Studies show close to 80% of autistic people can't hold down jobs so it is very common. I don't have a choice because I have no family that I could lean on as an alternative, so I continue working no matter how hellish it gets, because being homeless would obviously be worse. I do actually enjoy the work aspect of my job to some degree, but hate the social bs involved outside of the actual job duties (expectations to eat lunch together, go to staff parties, collaborate instead of figuring things out independently etc) and how I'm ostracized for not participating in those.
I've been there too. Masking often feels like the only way to survive in these spaces, and yeah it's unbearable, ngl. I've overheard coworkers talk about how 'awkward' I am, or why I don't 'just chat' like everyone else. It stings, but whatever..
Every job posting I can find requires unbearable sensational strain, terrifying social interactions, or usually both. Doing such a thing consistently would motivate me just to end it all. I feel like a mooch living with my parents though. Anyone else in a similar boat?
I'm in a similar situation, when I'm looking for jobs they require things like "excellent communication skills" "team player" and a whole host of other requirements and it just turns me right off. I have some family left but I also feel like a leech in a way, the autism unemployment rate was still high the last time I checked.
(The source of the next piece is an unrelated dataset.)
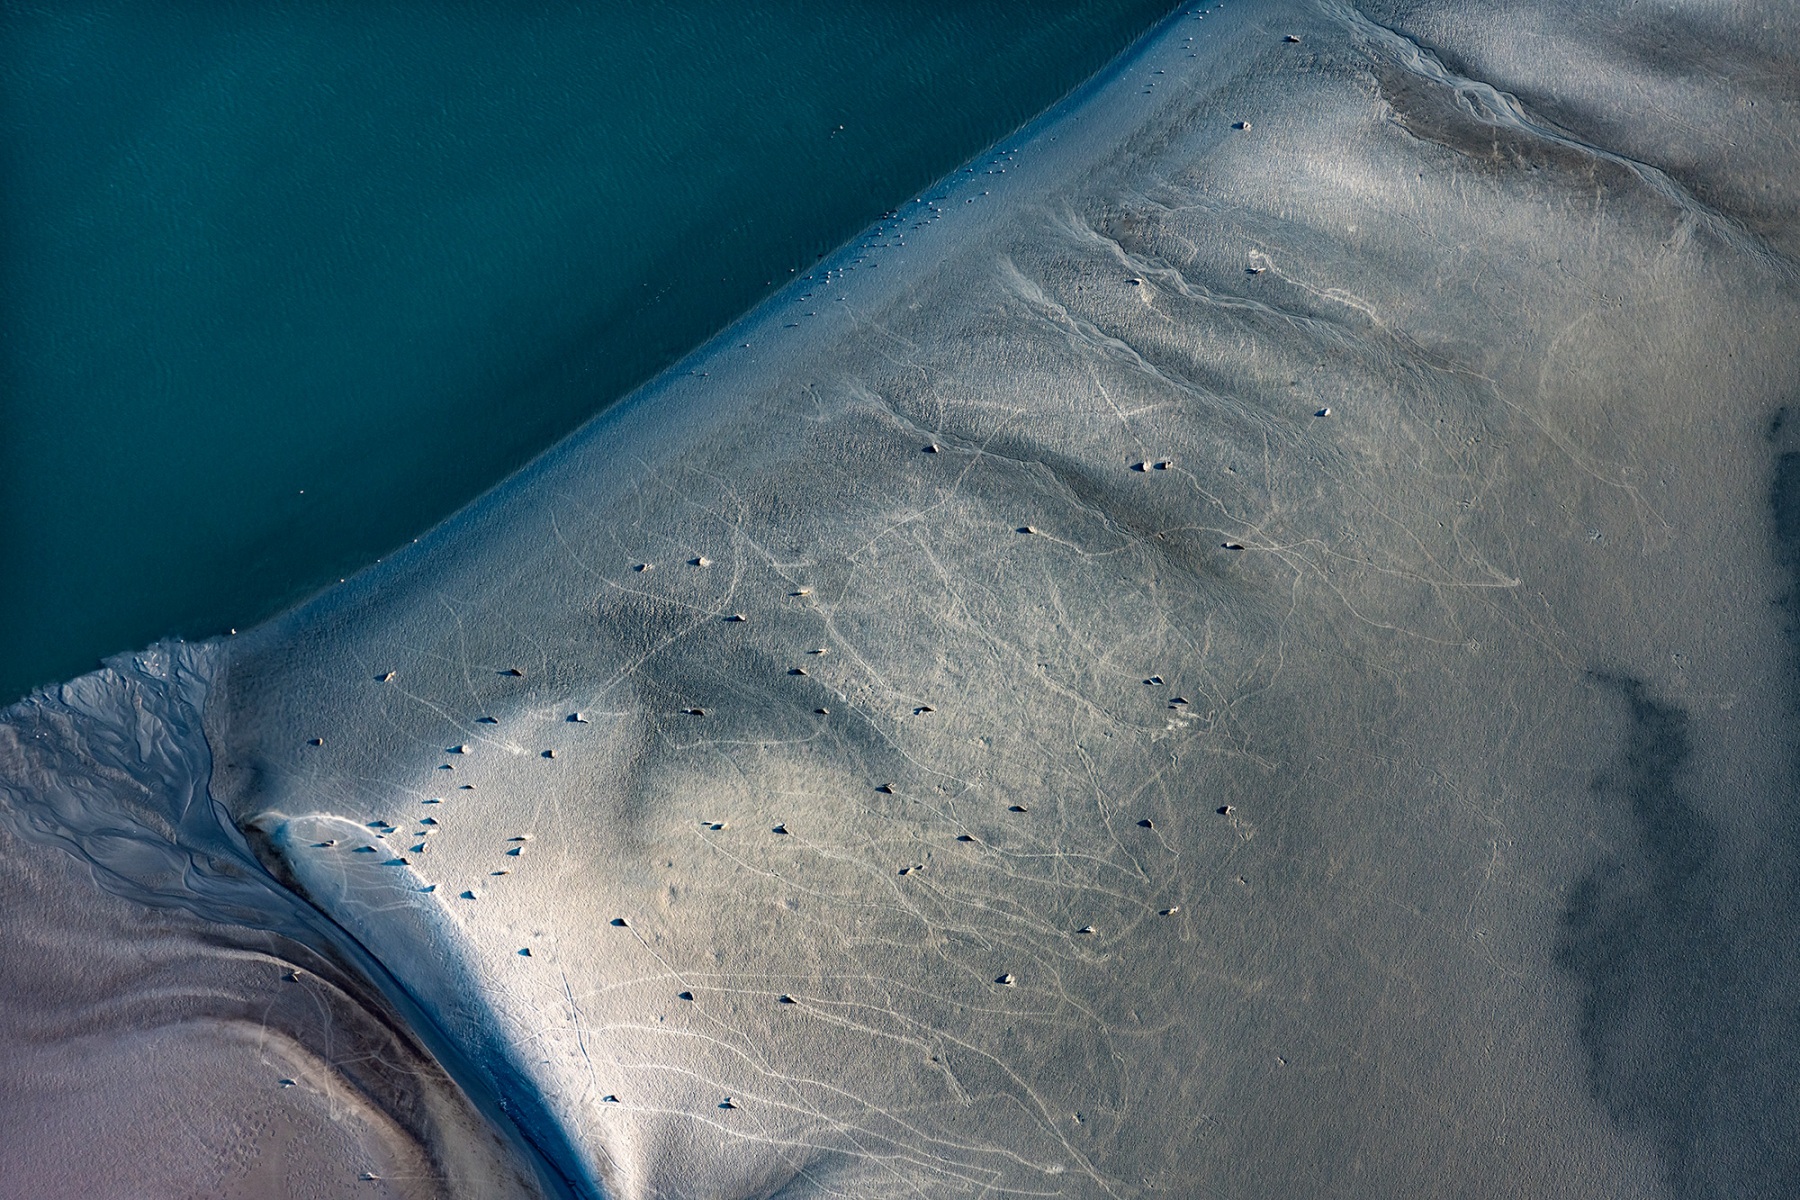 A sandbank in the mudflats is a favorite spot for seals. © Martin Elsen

I'll probably do terribly socially in a work environment also.
I'm in a similar situation, when I'm looking for jobs they require things like "excellent communication skills" "team player" and a whole host of other requirements and it just turns me right off. I have some family left but I also feel like a leech in a way, the autism unemployment rate was still high the last time I checked. I'll probably do terribly socially in a work environment also.
I've had some luck as a dishwasher because a lot of the times you're more isolated than the rest of the kitchen staff. Right now I'm going to school mostly online for IT/computer science. I only have a few lectures that are an hour at the actual college. My goal is to get some sort of totally online job. I hate interacting with normies and dealing with their bullshit drama they always try to pull me into. I was diagnosed with asperger's syndrome when I was a kid. I am good at dissociating. Better than when I was a kid. I can mentally block out a lot of stuff. But, still. Being sensitive to all the sights, sounds, and sensations takes a toll. Masking takes a lot of energy. Some days I'm just not in the fucking mood for it. Normies don't get it, though.